Figure 23 illustrates the way such a corpus is built: From the reference containing some categorized units, three new sets of annotations are built, simulating three annotators who are assumed to have the same annotating skill level, which is set in this example at magnitude 0.1. The applied error type is position only, that is to say that each annotator makes mistakes only when positioning boundaries, but does not make any other mistake (the units are reproduced in the same order, with the correct category, and in the same number). At this low magnitude, the positions are still close to those of the reference, but often vary a little. Hence, we obtain here a slightly shuffled multi-annotator corpus. Let us sum up the way error types are currently designed in the CST.
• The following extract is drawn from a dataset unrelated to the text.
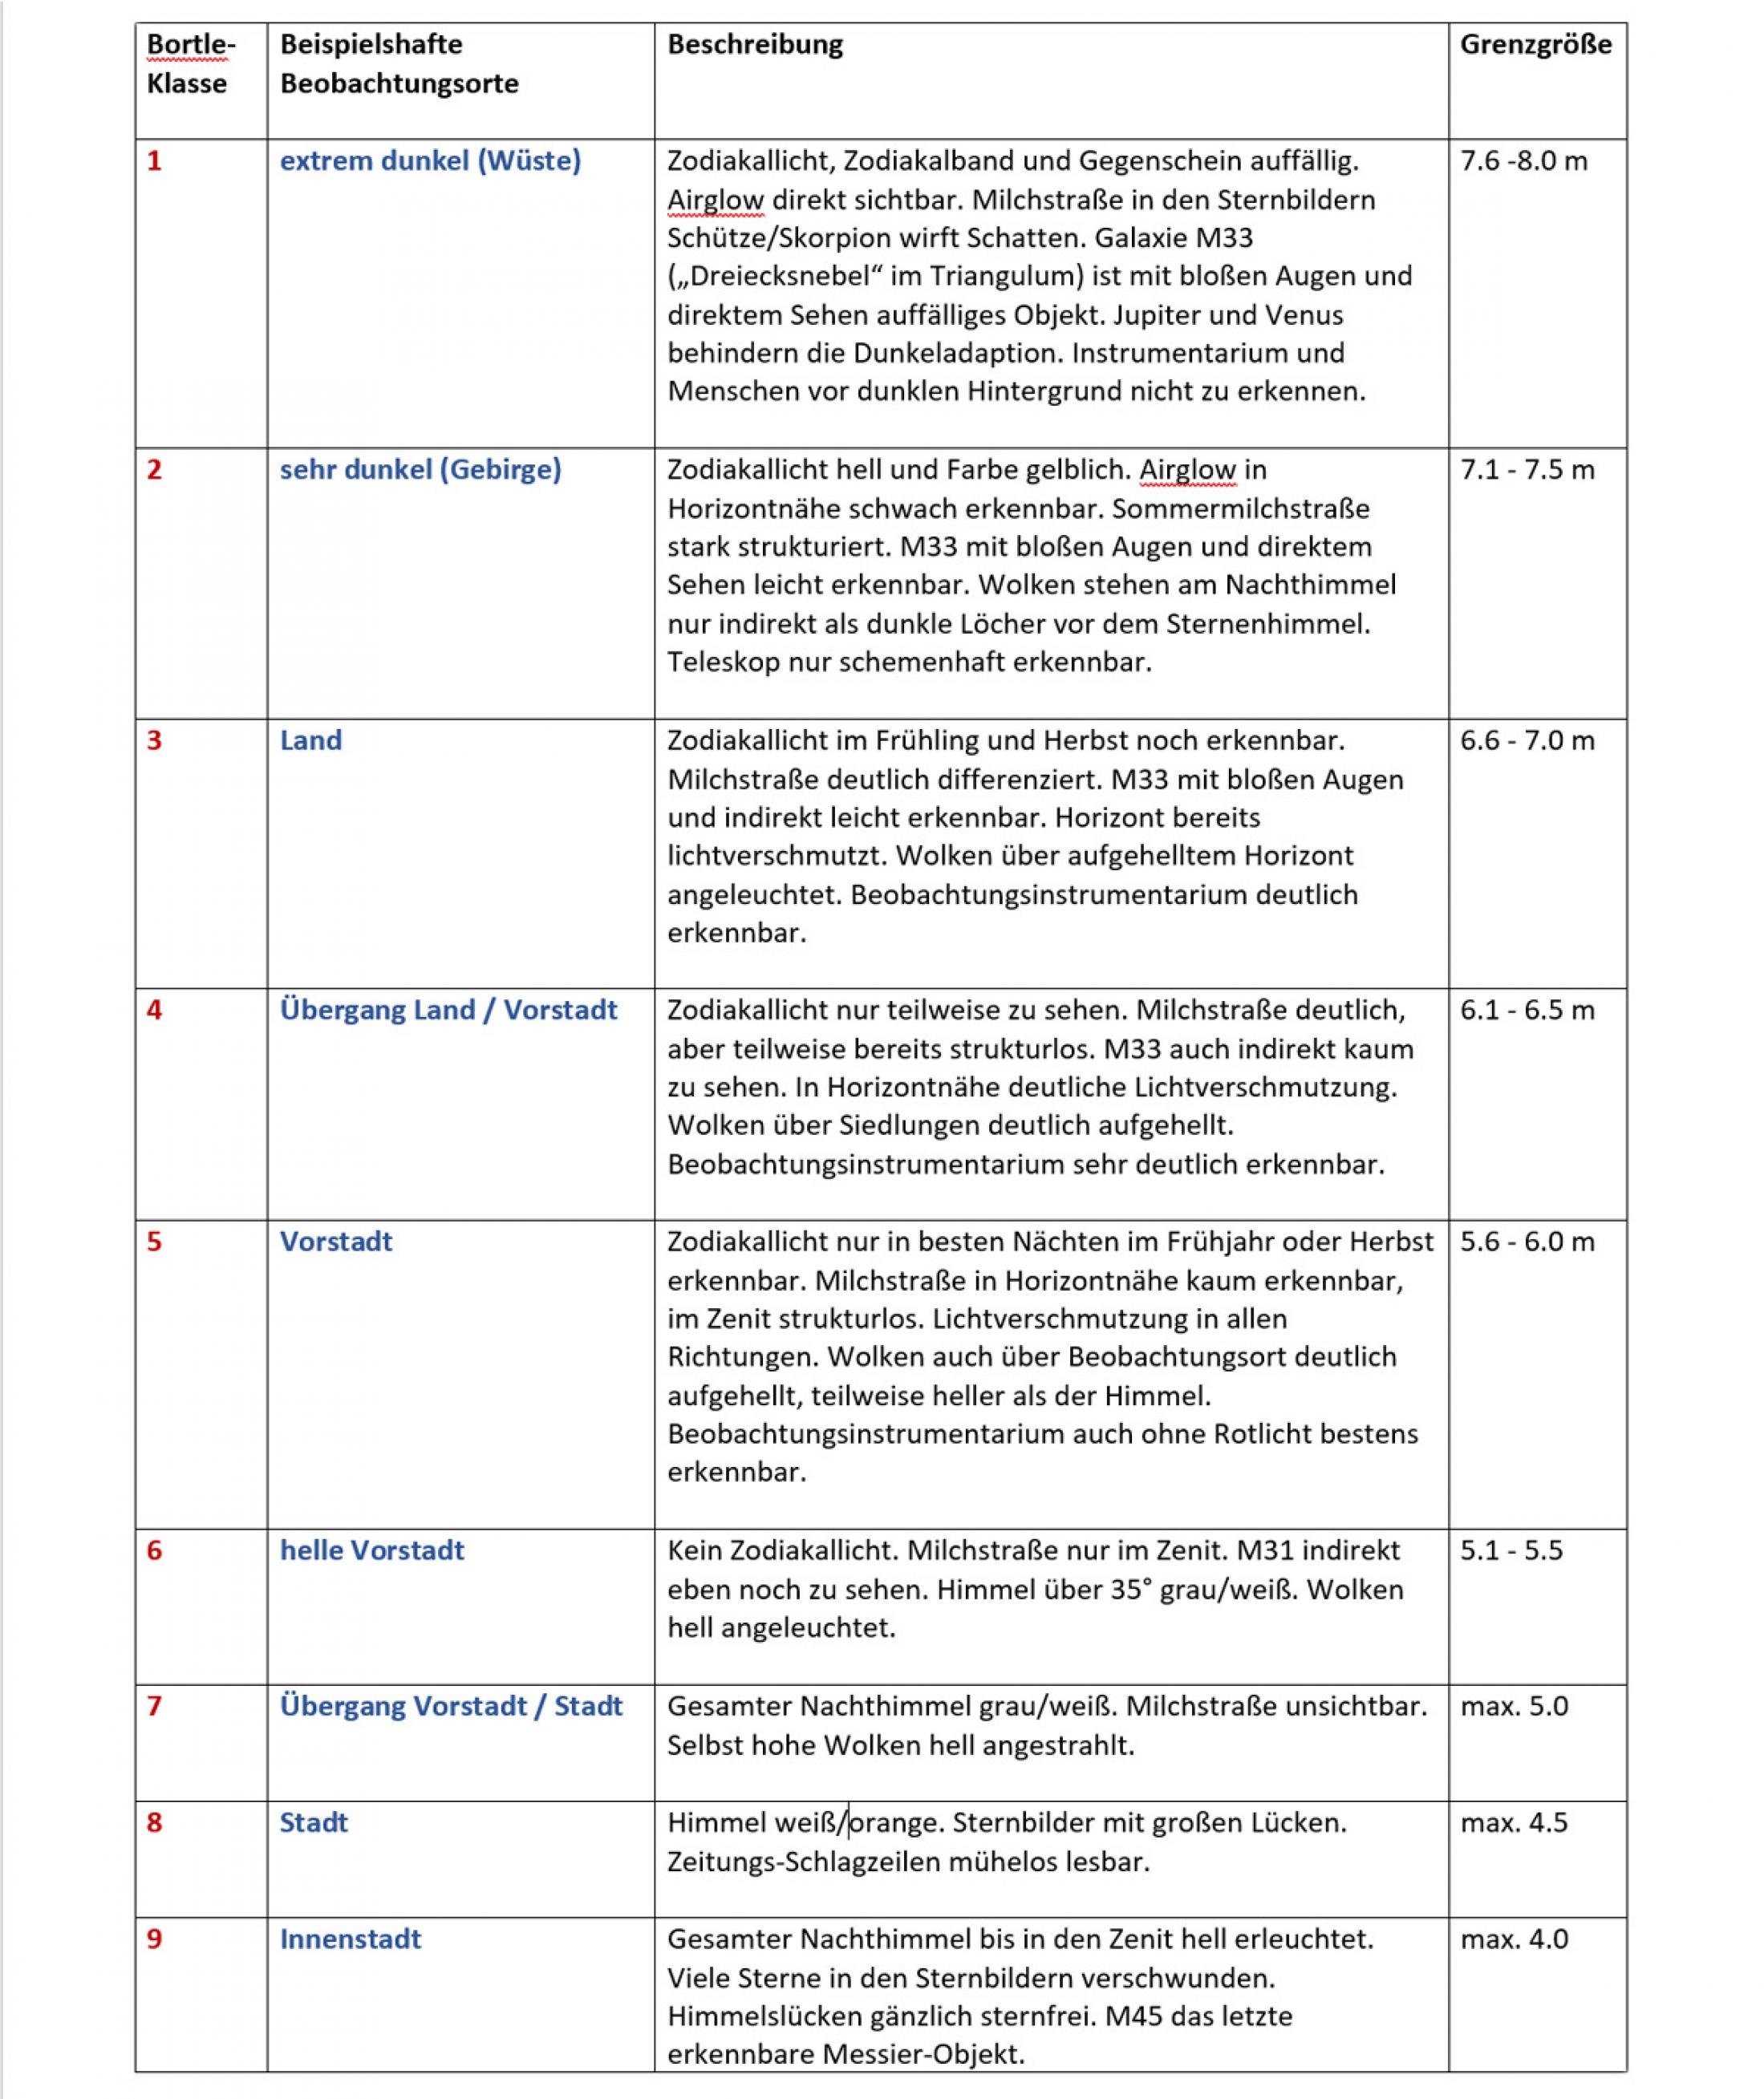 Die Tabelle zeigt die Bortle-Bewertung der Lichtverschmutzung. Die Klassen 1 und 2 sucht man in Mitteleuropa heute leider vergeblich

Position. At magnitude m, for a given unit, we define a value shiftmax that is proportional to m and to the length of the unit, and each boundary of the unit is shifted by a value randomly chosen between −shiftmax and shiftmax (note: at magnitude 0, because shiftmax = 0, units are not shifted).
Category. This shuffling cannot be described in a few words (see Mathet et al.  for details). It uses special matrices to simulate, using conditional probabilities, progressive confusion between categories, and can be configured to take into account overlapping of categories. The higher the magnitude, the more frequent and severe the confusion.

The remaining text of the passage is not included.